NCT number NCT01481324
Other study ID # SHC-Lex-101
Secondary ID
Status Completed
Phase N/A
First received November 15, 2011
Last updated November 17, 2014
Start date October 2009
Est. completion date October 2013

Study information

Verified date November 2014
Source Shriners Hospitals for Children
Contact n/a
Is FDA regulated No
Health authority United States: Shriners Hospital for Children Medical ResearchUnited States: Institutional Review Board
Study type Observational

Clinical Trial Summary

It has been shown that compliance with brace wear can significantly improve the treatment outcome of idiopathic clubfoot deformities. Noncompliance rates have been estimated to be around 30-41% with initial orthosis wear after successful treatment with serial castings. These studies have depended on family logs and not objective data. With the development of a monitoring device, this study hopes to examine: (1) actual patient compliance, (2) comparisons of actual wear time and assumed wear time and (3) the relationship of patient wear with clinical outcomes.

Hypothesis:

Actual patient compliance in foot abduction orthoses (FAO) wear is less than self-reported compliance and noncompliance is correlated to future surgeries.


Description:

It is necessary that treatment teams avoid making any assumptions about patient compliance. This study will objectively measure brace wear-rate in patients with clubfoot that have already been prescribed a foot ankle orthosis. The use of a monitoring device will be able to give objective data on actual patient compliance with brace wear. It is hypothesized that objective compliance data will allow physicians to better assess the patient's therapy progress and outcome, troubleshoot problems or issues associated with barriers to brace wear, and better educate families confronted with having a child with clubfoot. Long term goals will then attempt to determine whether certain brace designs can increase wear time thus decreasing the rate of clubfoot recurrence.

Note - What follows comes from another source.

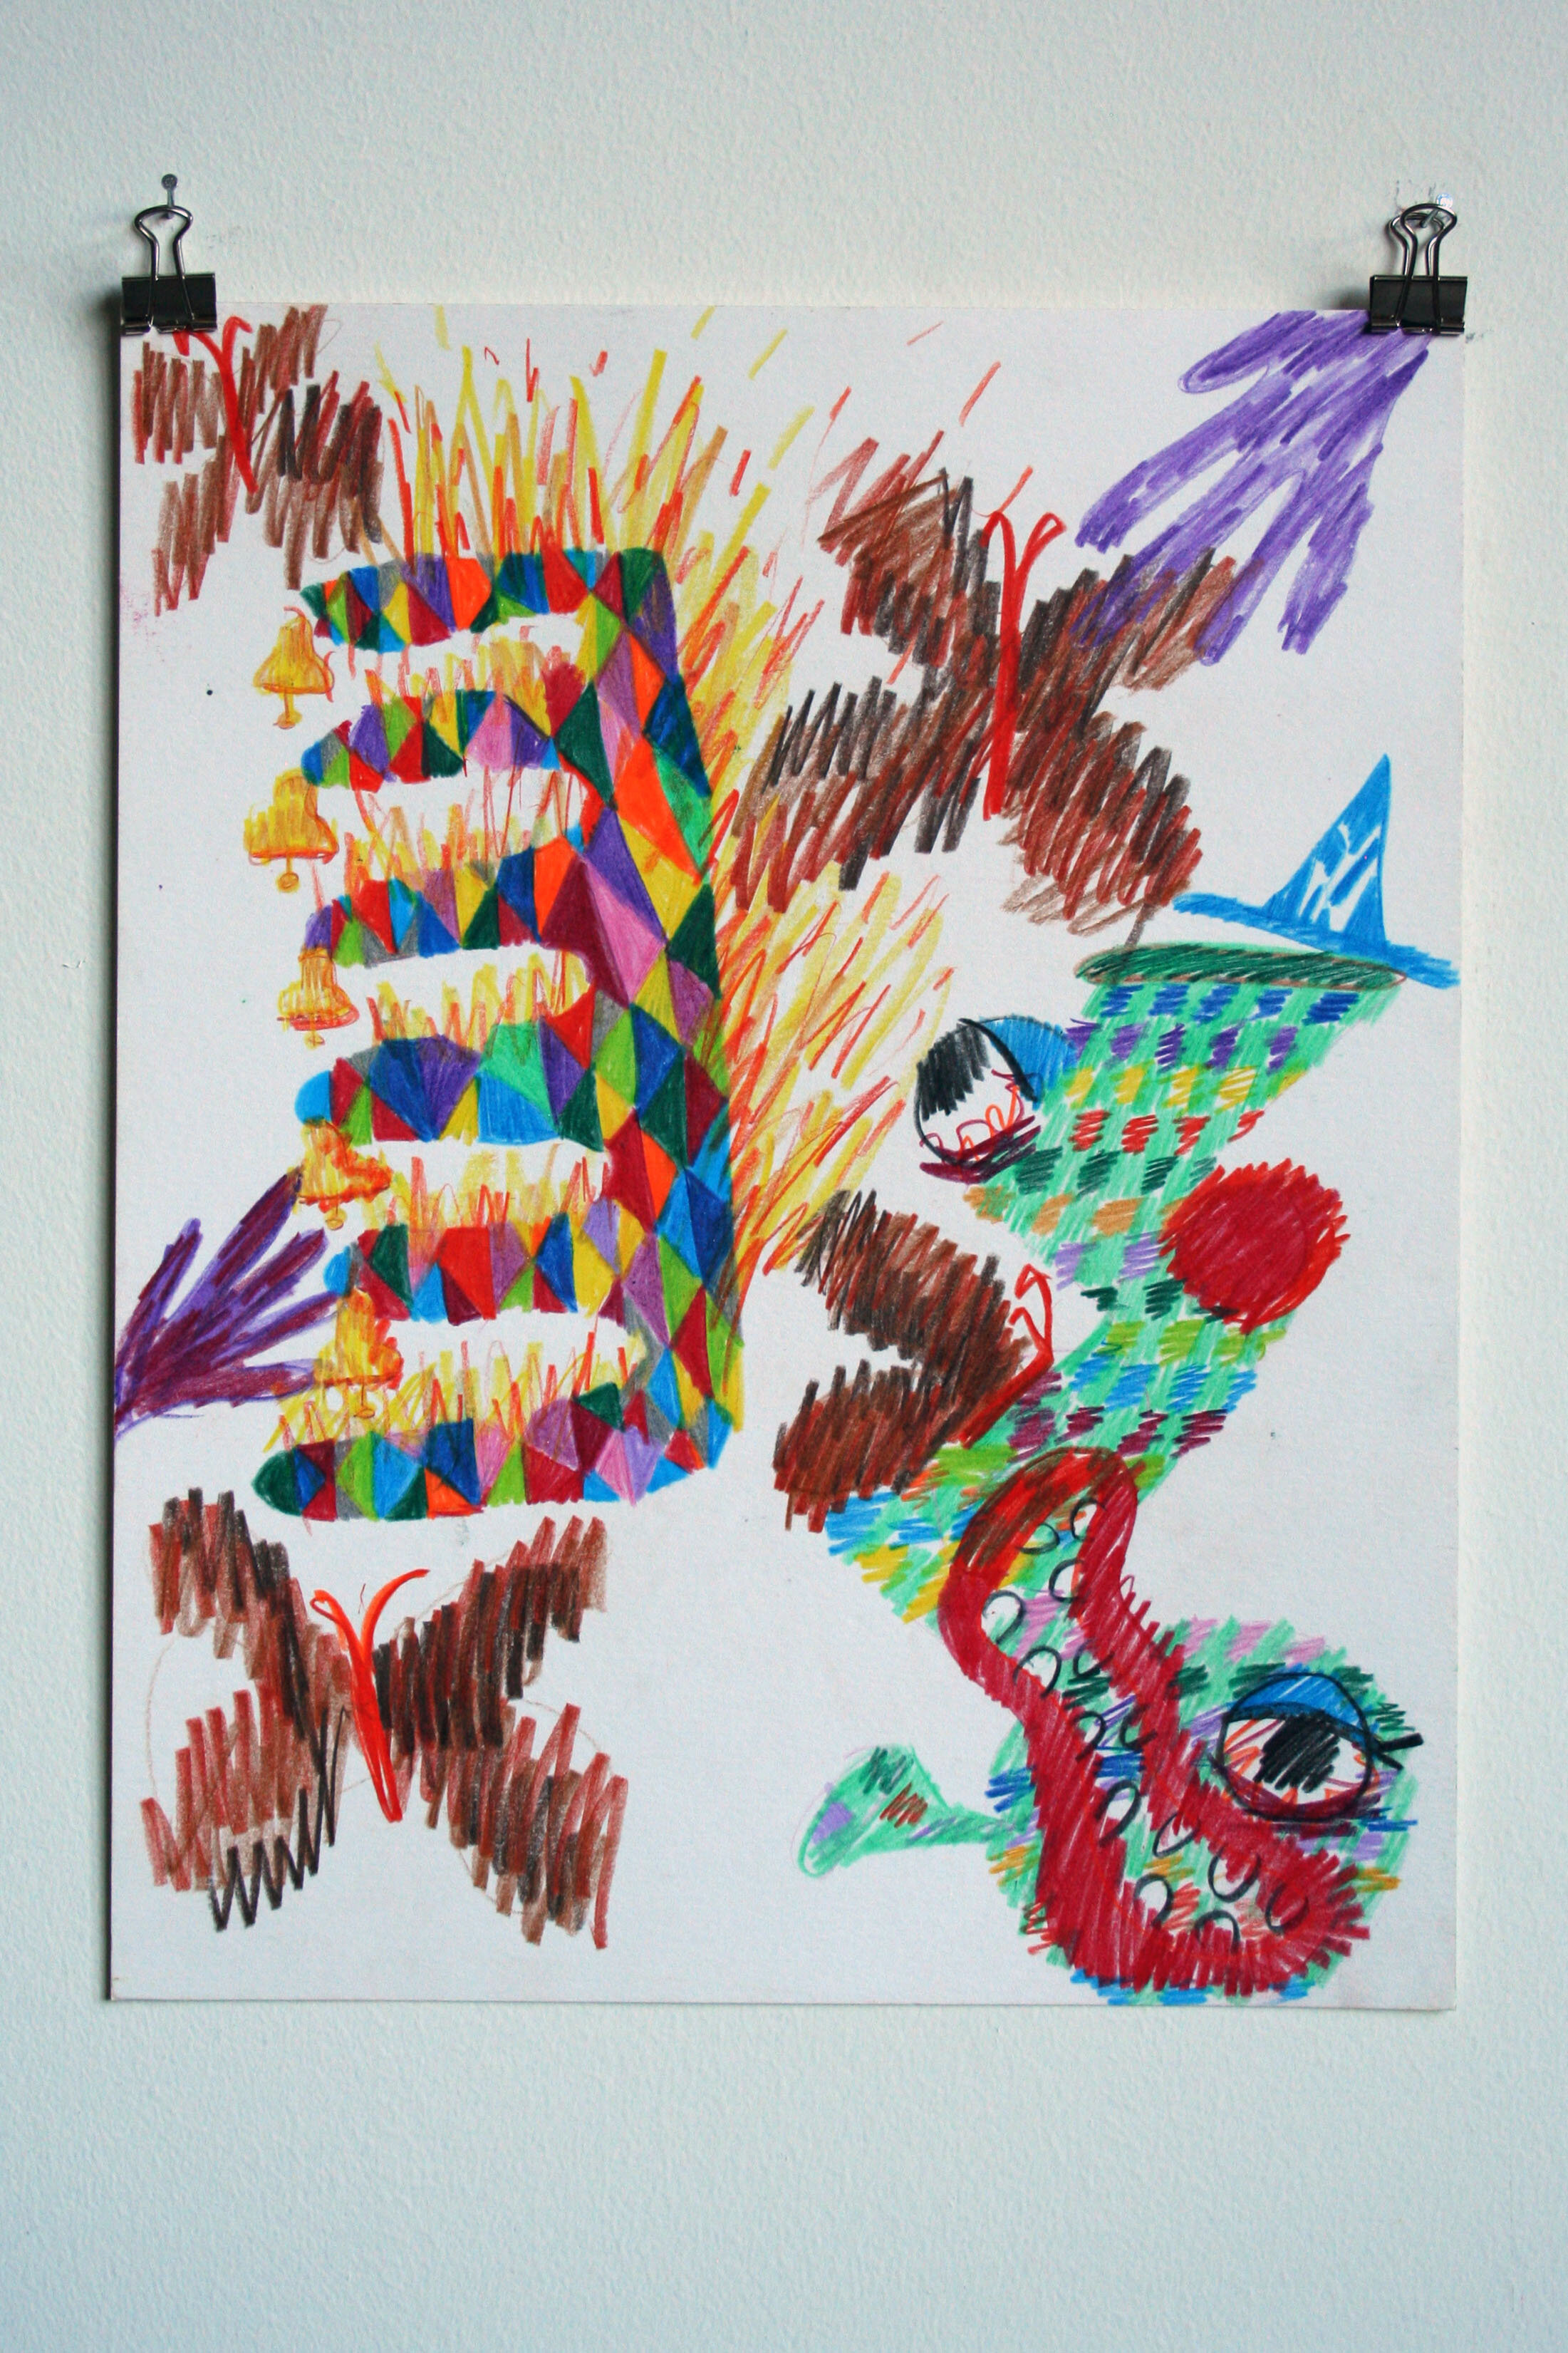   The Jester Comb with Bells Burned and the Basket Bong Juss Laffed N’ Watched,  2013  11 x 14 inches (27.94 x 35.56 cm.)  Colored pencil on paper

Recruitment information / eligibility

Status Completed
Enrollment 67
Est. completion date October 2013
Est. primary completion date October 2012
Accepts healthy volunteers No
Gender Both
Age group N/A to 3 Years
Eligibility Inclusion Criteria:

- Unilateral or bilateral clubfoot

- Birth to 3 years of age

- Has been successfully treated with Ponseti casting protocol

Exclusion Criteria:

- Any other prior treatment for clubfoot

- Other existing diagnoses or conditions

Study Design

Observational Model: Case-Only, Time Perspective: Prospective


Related Conditions & MeSH terms


Locations

Country Name City State
United States Shriners Hospital for Children Lexington Kentucky

Sponsors (2)

Lead Sponsor Collaborator
Shriners Hospitals for Children Kosair Charities, Inc.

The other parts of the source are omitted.